Shareholder in corporation is circling the divorce club. She, and her siblings are concerned that the Former Spouse will make a claim to the value of her stocks when the assets of the marriage are compiled. Always consult a China divorce lawyer before you take any legal action in China. Common questions might be assets division, marital property division, child custody, visitation rights, conditions of divorce and etc.
I think that she is right. FACTS of the divorce case:
The shareholder agreement provides that, "if a decree enters awarding Former Spouse (FS) interest in the shares of Divorcing Shareholder (DS), then FS has the obligation to sell stock to DS. Terms of sale are installment payments over 120 months at prime plus 1.0%."

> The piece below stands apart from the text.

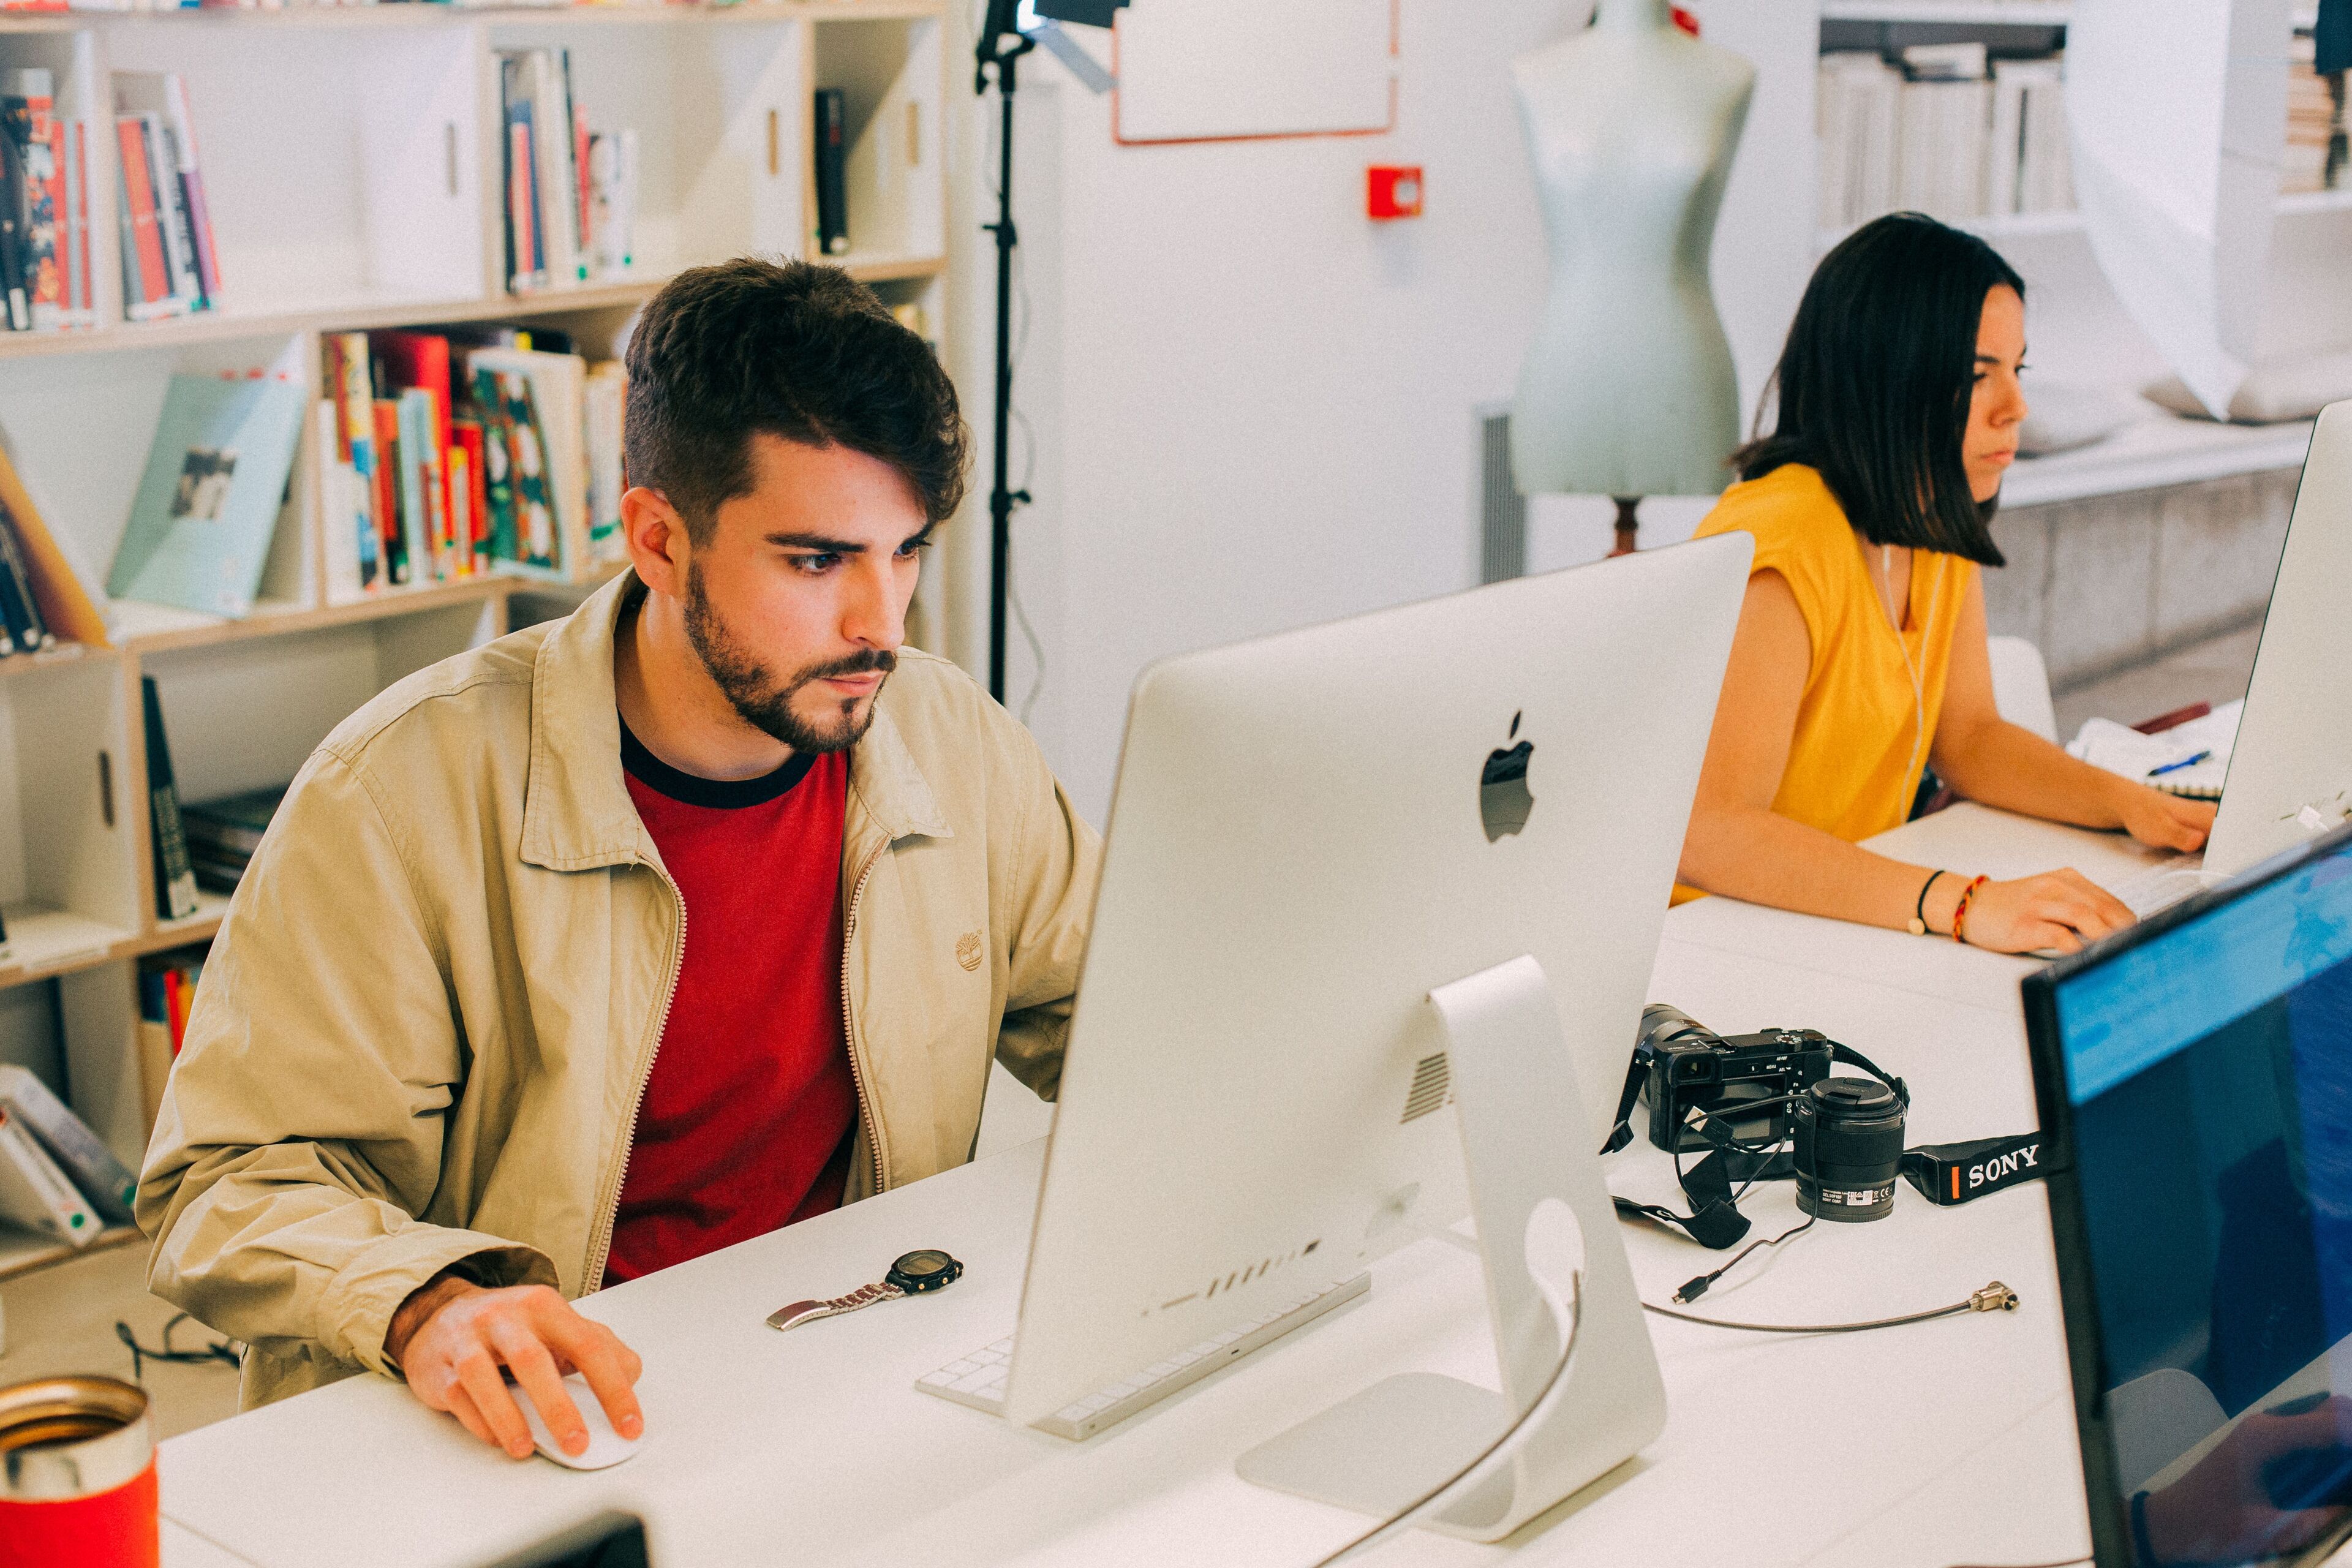 Dos individus concentrats treballen en ordinadors Apple en un entorn d'oficina modern.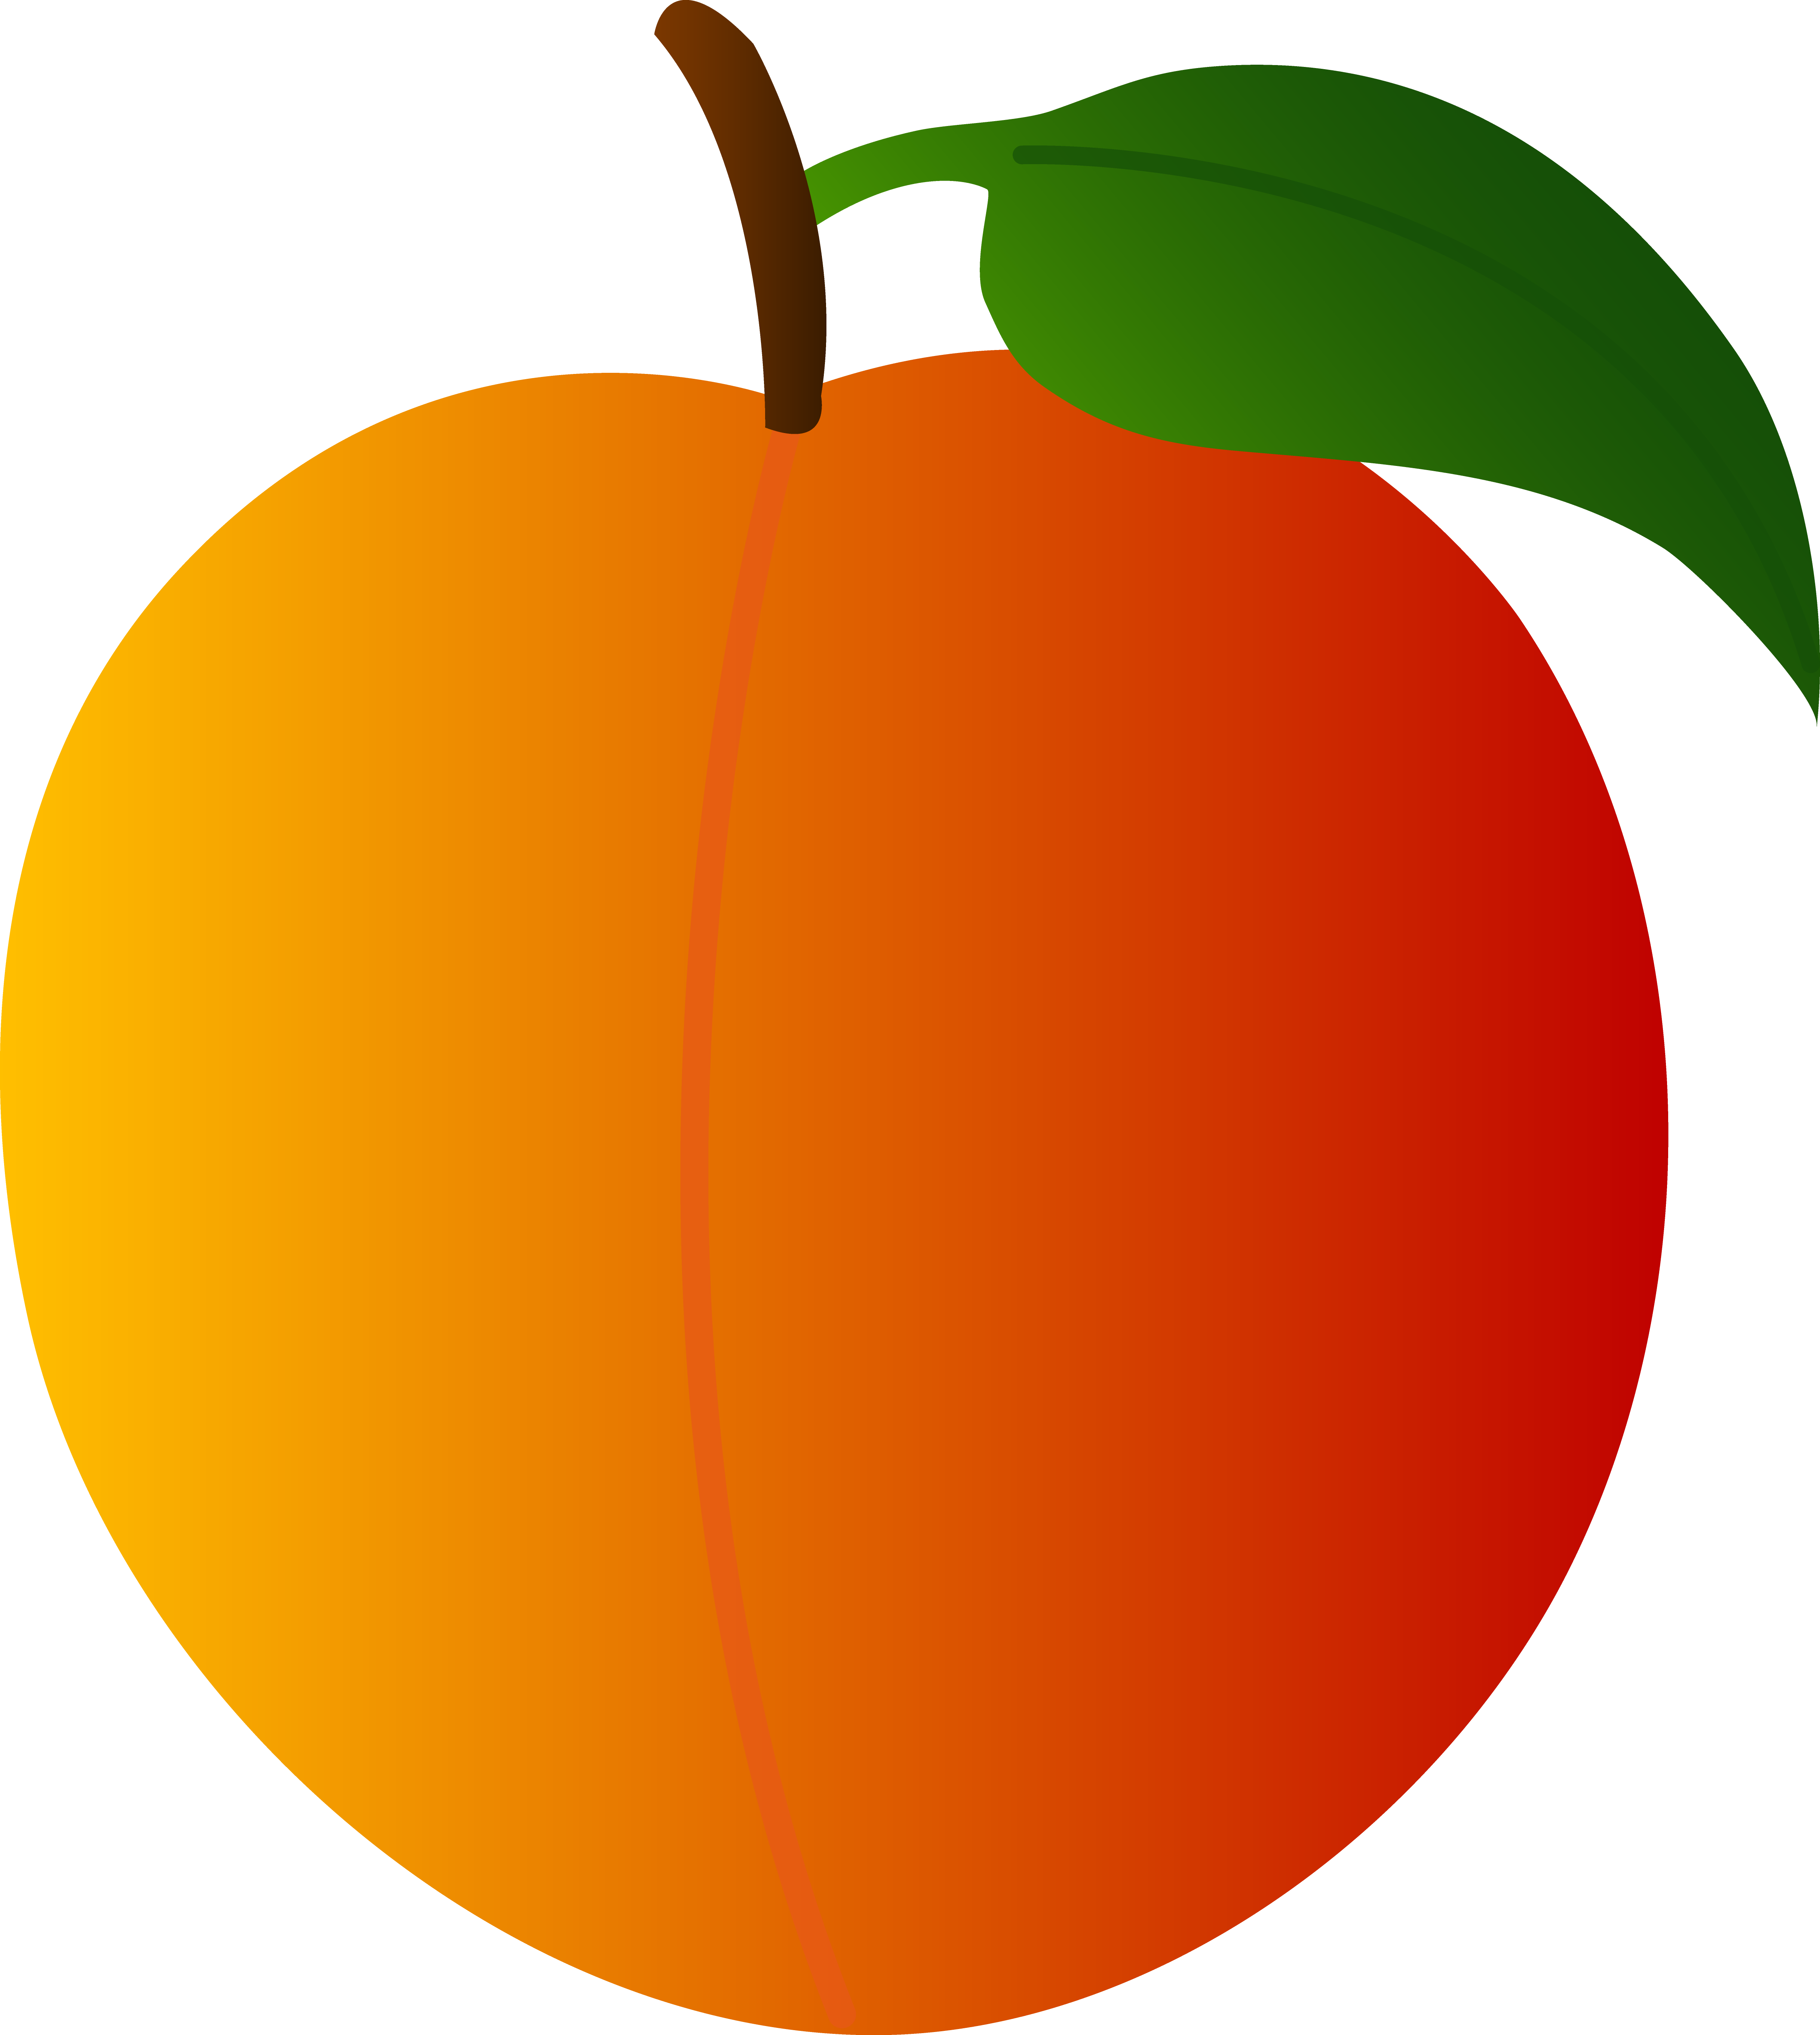 Juicy Orange Peach - Free Clip Art

If DS does not buy out FS, Corporation can buy FS on same terms.If Corp does not buy out the option rolls to other stock holders. If other stockholders do not buy out, FS is now de facto, the owner of the shares and all the attendant rights thereto.
Question:
1. Can the Divorce Decree trump the terms of the Shareholder Agreement? E.g. Shorten the payout period? Or,
2. Are the stocks analyzed as 'subject to the conditions in the Shareholder Agreement?'
There was a China divorce case in which the court ordered that the shareholder spouse of a closely held corporation was ordered to transfer his interest in the company's stock to his to-be-ex-spouse as part of the assets. The shareholder agreement prohibited sale of the stock outside the company, but made no mention of divorce.
The appellate court ordered that the judge had the authority to order the transfer. China shareholder agreements now have a no-transfer-in the-event-of divorce clauses.
Many of us found the case to be amusing because it was about shares in a case whose sole product is the much-beloved divorce case.
Where I am my guess would be is the court wouldn't do anything to "trump" the contract, but they would consider those terms in awarding her share of marital property. In other words, if the court finds that 50% of DS's business is marital property and therefore FS would be entitled to 25% of an expert-produced business value of (for example) $100,000, it is going to make sure she gets $25,000 whether from the business under the sale terms or by giving her additional marital property that might otherwise have gone to DS.
Does that make sense? They'll value the business, split that amount, and that's what she'll get. They're not going to change the operating agreement just consider the effects.
So, I guess that would be a No to question 1 but a yes to question 2.